Plaintiff Doleen Burgess appeals from a judgment of the United States District Court for the Eastern District of New York, Nina Gershon, Judge, dismissing her complaint seeking disability insurance benefits under Title II of the Social Security Act (the “Act”), 42 U.S.C. § 401 et seq. The district court granted the motion of defendant Commissioner of Social Security (“Commissioner”) for judgment on the pleadings, finding that there was substantial evidence to support the Commissioner’s denial of benefits on the ground that Burgess was not disabled within the meaning of the Act because she retained the residual functional capacity to perform the requirements of her past relevant work. On appeal, Burgess contends that the Administrative Law Judge (“ALJ”) who reviewed her claim, and whose decision became that of the Commissioner, erred by failing to (a) give controlling weight to the opinion of her treating physician, (b) explain the reasons for giving that opinion minimal weight, and (c) fully and adequately develop the record. For the reasons that follow, we vacate the judgment of the district court and remand to the Commissioner for further proceedings.

I. BACKGROUND

The event leading to Burgess’s claim for disability insurance benefits is not in dispute. On October 7, 1997, Burgess, then 32 years of age, was employed by a photography laboratory to perform accounting work. While at work, she fell over a box in a storage room, hitting her knees and elbows on the concrete floor. She was treated at a hospital emergency room; three days later she began treatment by Dr. Milton M. Smith, a specialist in the field of orthopedics; and she began physical therapy. Burgess returned to work at the photography laboratory some two weeks after the accident. She continued to work until February 1998, when she stopped because of the pain caused by injuries from the accident. In April 1999 Burgess applied to the Social Security Administration (“SSA”) for disability insurance benefits under the Act, stating that she was unable to work because of pain in her leg and back.

Under the Act, “disability” means an “inability to engage in any substantial gainful activity by reason of any medically determinable physical or mental impairment ... which has lasted or can be expected to last for a continuous period of not less than 12 months.” 42 U.S.C. *120 § 423(d)(1)(A). “The impairment must be of ‘such severity that [the claimant] is not only unable to do his previous work but cannot, considering his age, education, and work experience, engage in any other kind of substantial gainful work which exists in the national economy.’ ” Shaw v. Chater, 221 F.3d 126, 131-32 (2d Cir.2000) (“Shaw”) (quoting 42 U.S.C. § 423(d)(2)(A)).

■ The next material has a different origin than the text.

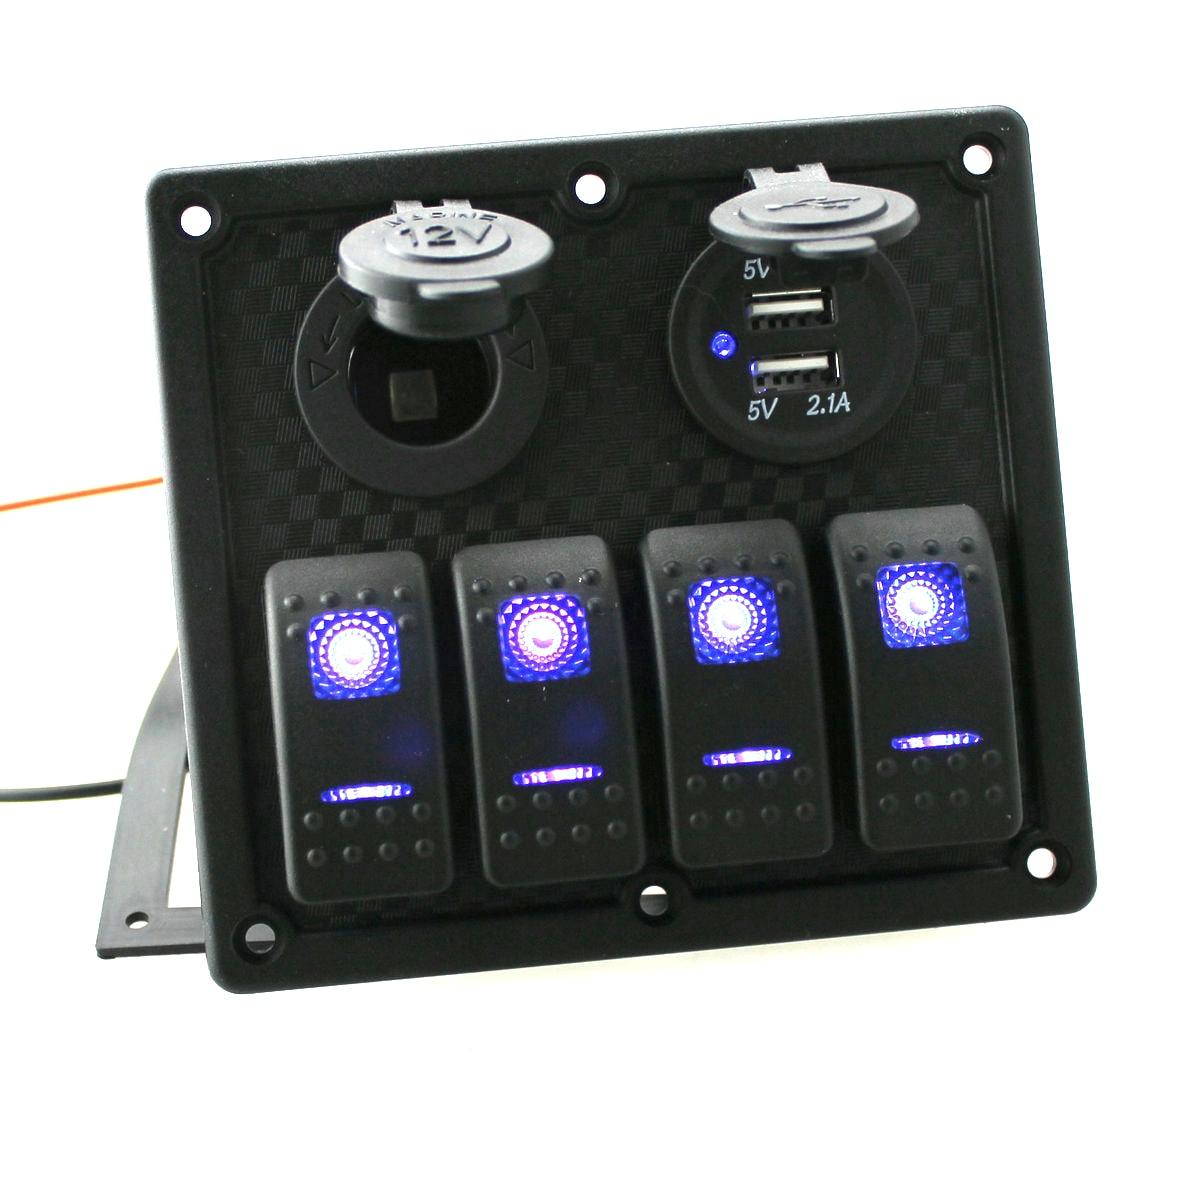 Us 32 19 8 Off Gang Circuit Led Car Marine Waterproof 5 Pin Boat Rocker Switch Panel With Fuse Dual Usb Slot Power Socket Breaker Voltmeter In Car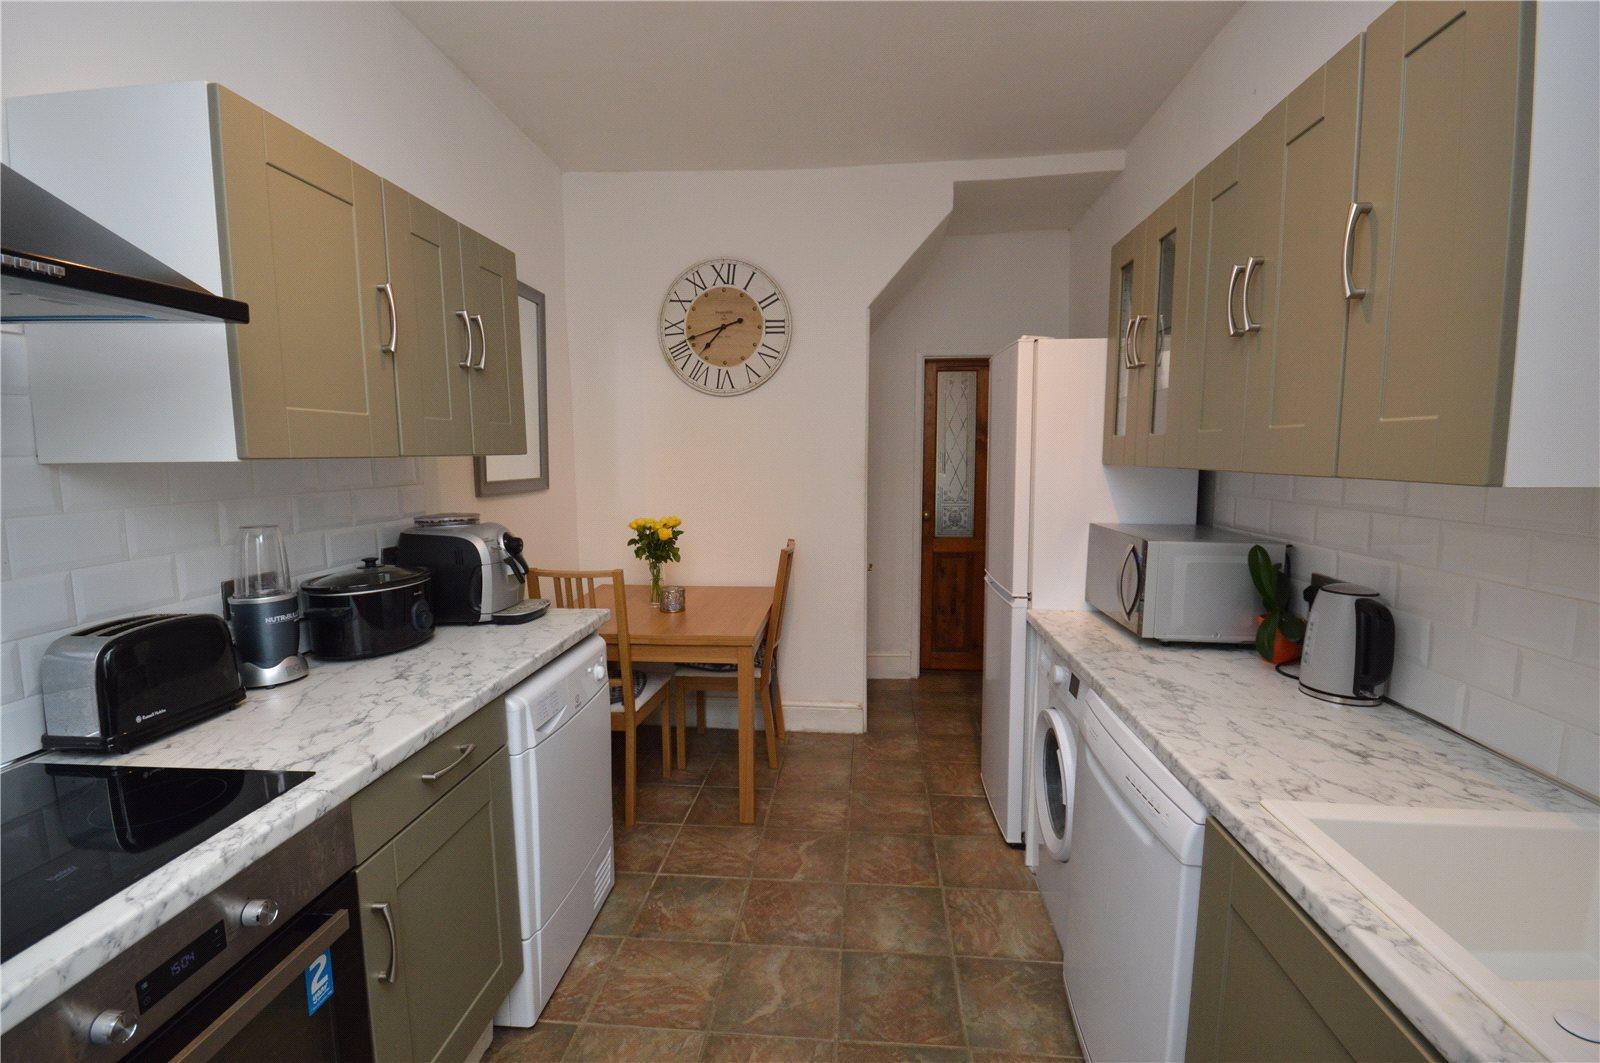 Property for sale in Calverley, interior kitchen

Pursuant to regulations promulgated by the Commissioner, a five-step sequential evaluation process is used to determine whether the claimant’s condition meets the Act’s definition of disability. See 20 C.F.R. § 404.1520. Essentially,

“if the Commissioner determines (1) that the claimant is not working, (2) that he has a ‘severe impairment,’ (3) that the impairment is not one [listed in Appendix 1 of the regulations] that conclusively requires a determination of disability, and (4) that the claimant is not capable of continuing in his prior type of work, the Commissioner must find him disabled if (5) there is not another type of work the claimant can do.”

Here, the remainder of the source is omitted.